→ **YOUR OBJECTIVE**
Transcribe only what runs from the line containing "Stranger Things Scoops" through the end of the listing, line for line and exactly, and omit the pictures.

→ **INFORMATION PROVIDED**
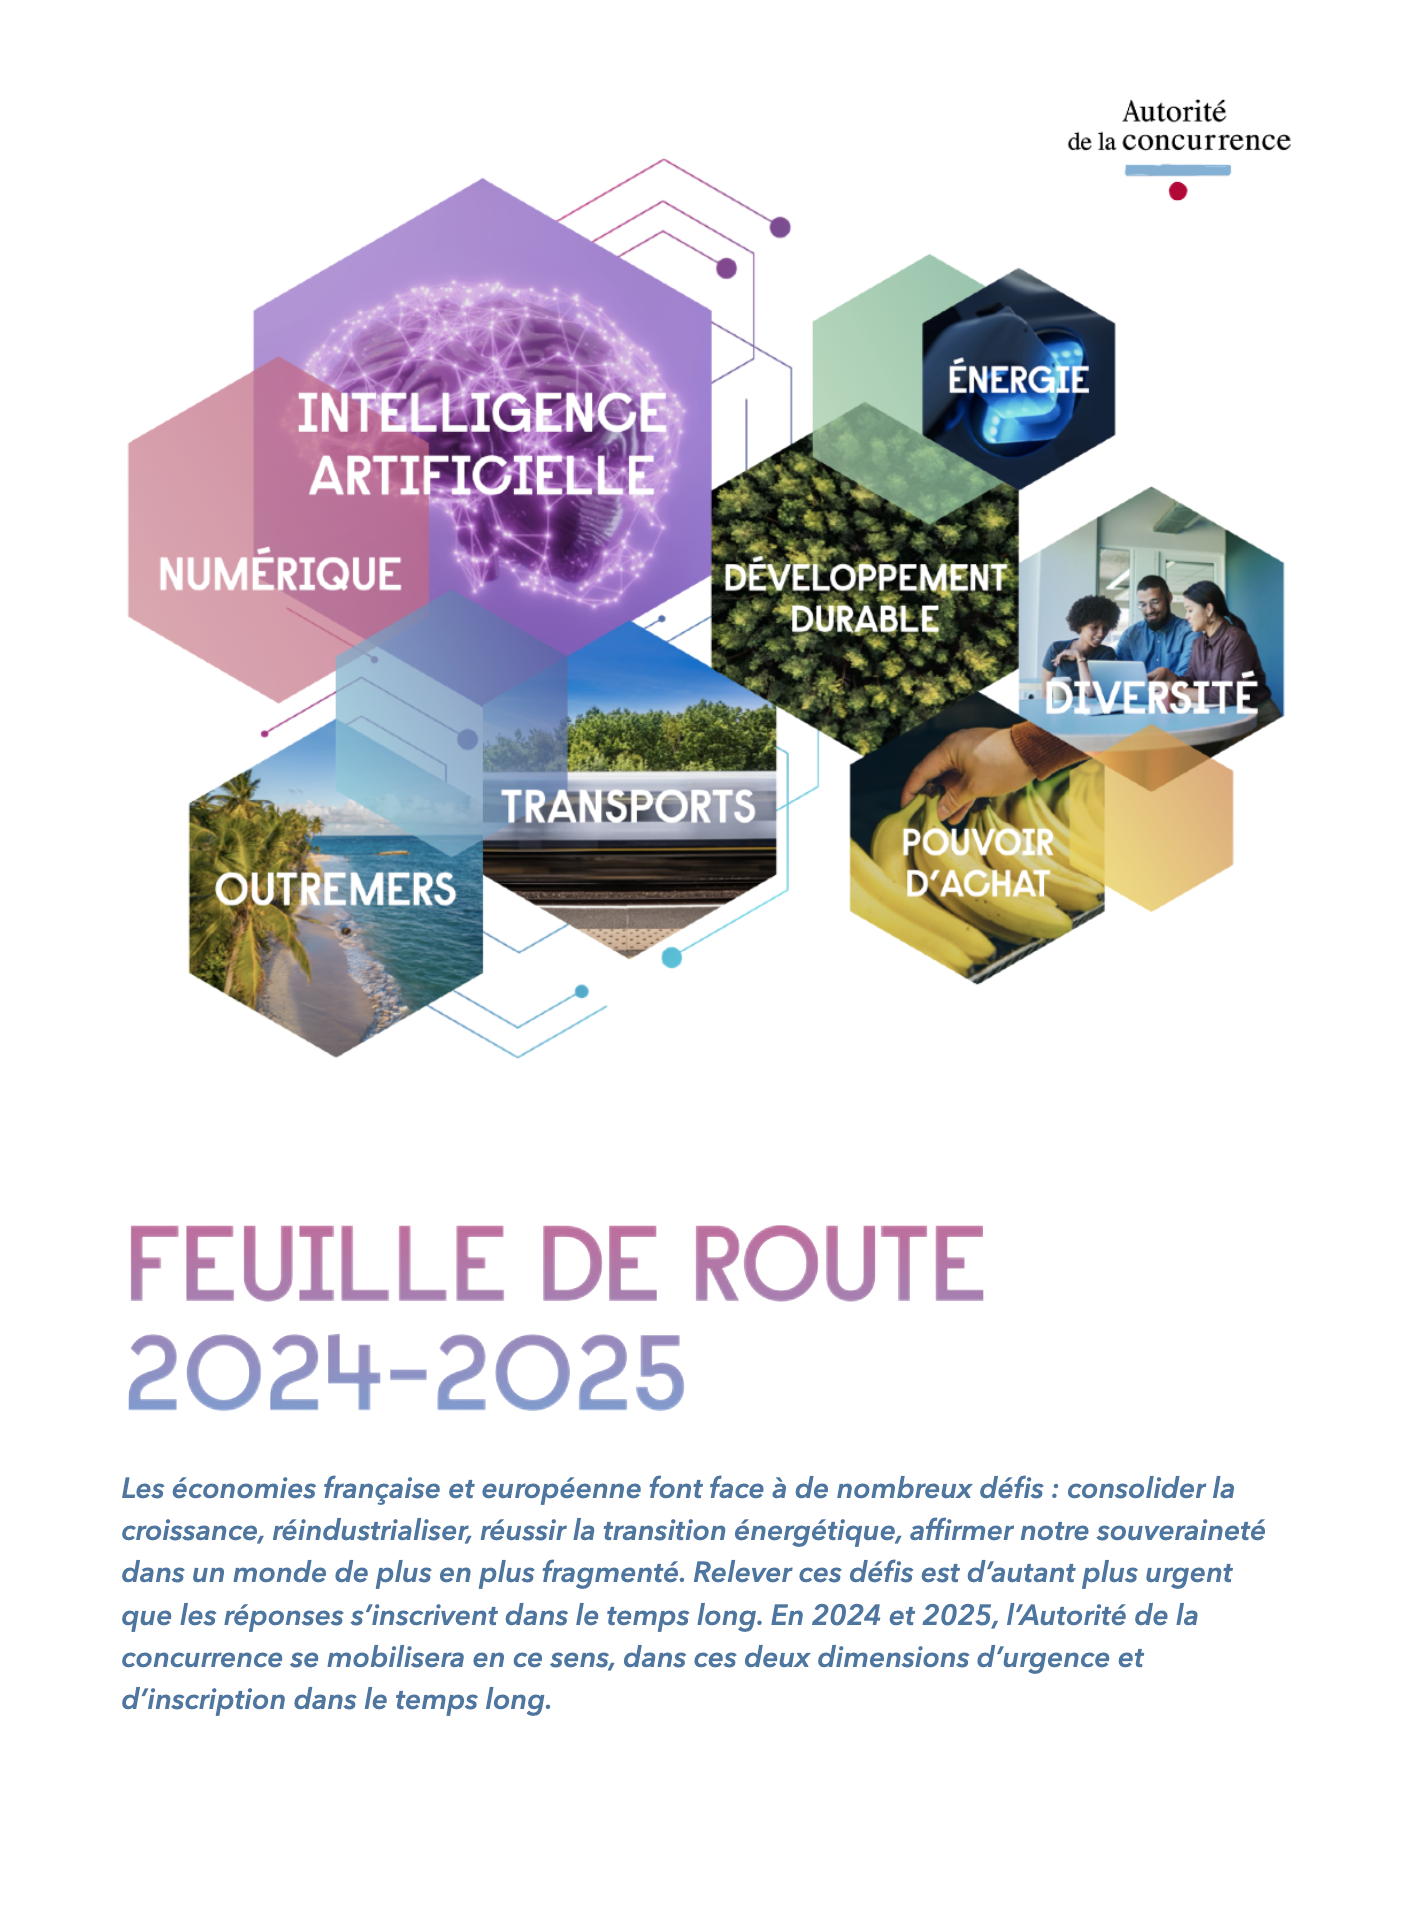 Roadmap 2024-2025
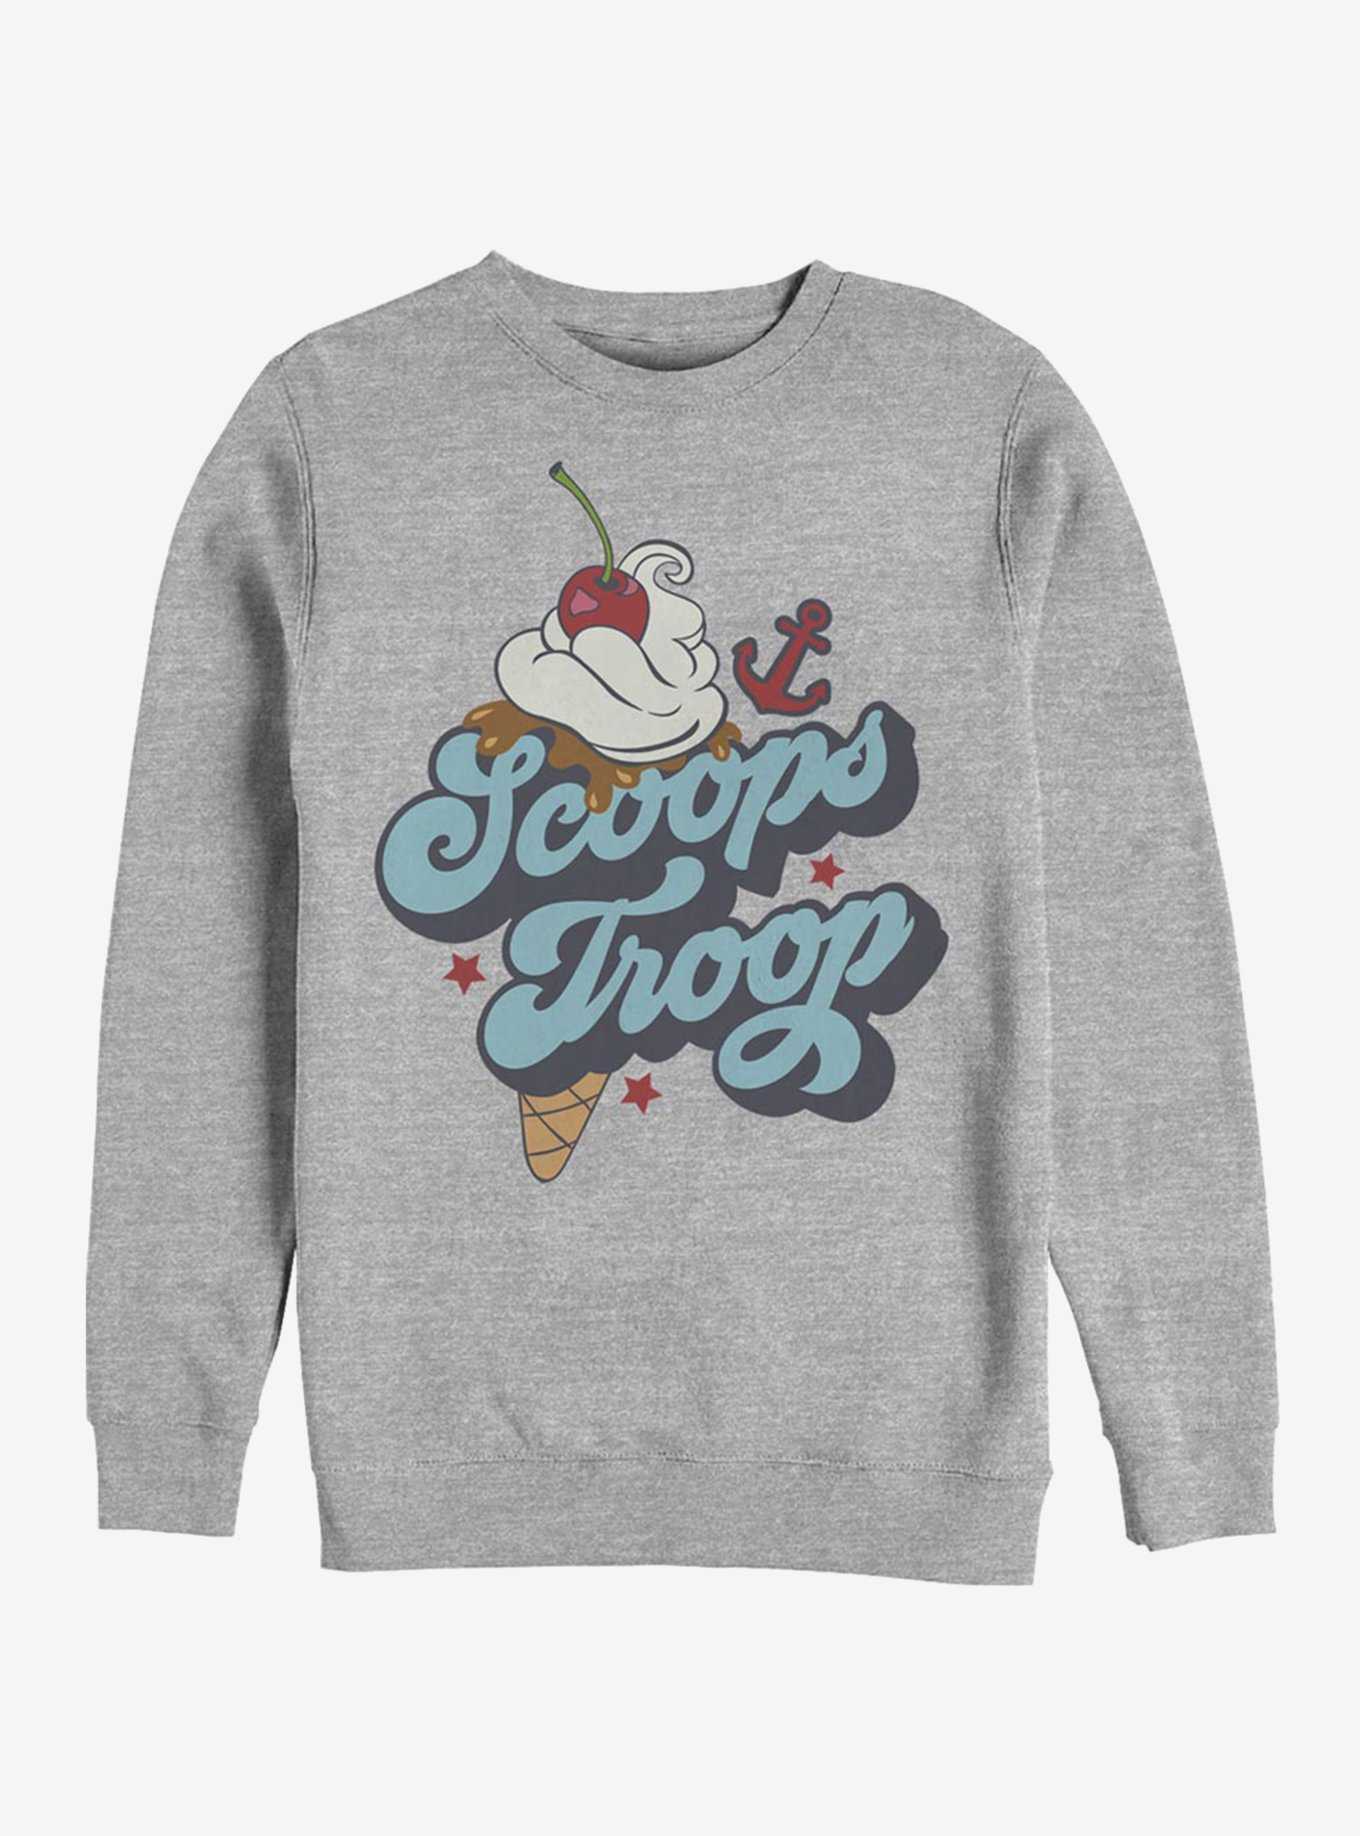 Stranger Things Scoops Troop Ice Cream Sweatshirt, , hi-res
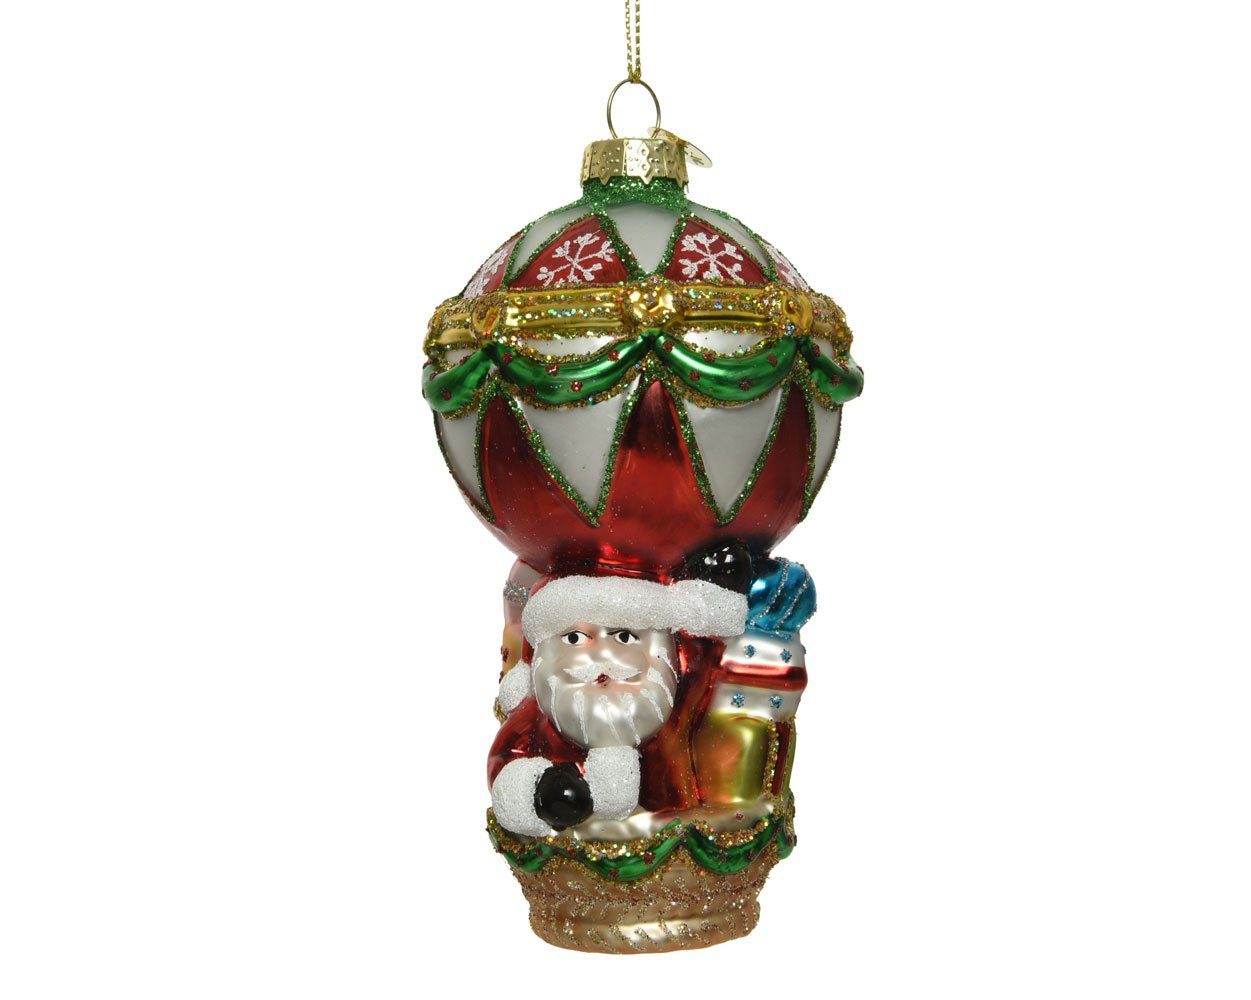 Decoris season decorations Christbaumschmuck, Christbaumschmuck Glas Weihnachtsmann im Heißluftballon 13cm bunt

→ **TASK OUTPUT**
 Stranger Things Scoops Troop Ice Cream Sweatshirt, , hi-res
 Decoris season decorations Christbaumschmuck, Christbaumschmuck Glas Weihnachtsmann im Heißluftballon 13cm bunt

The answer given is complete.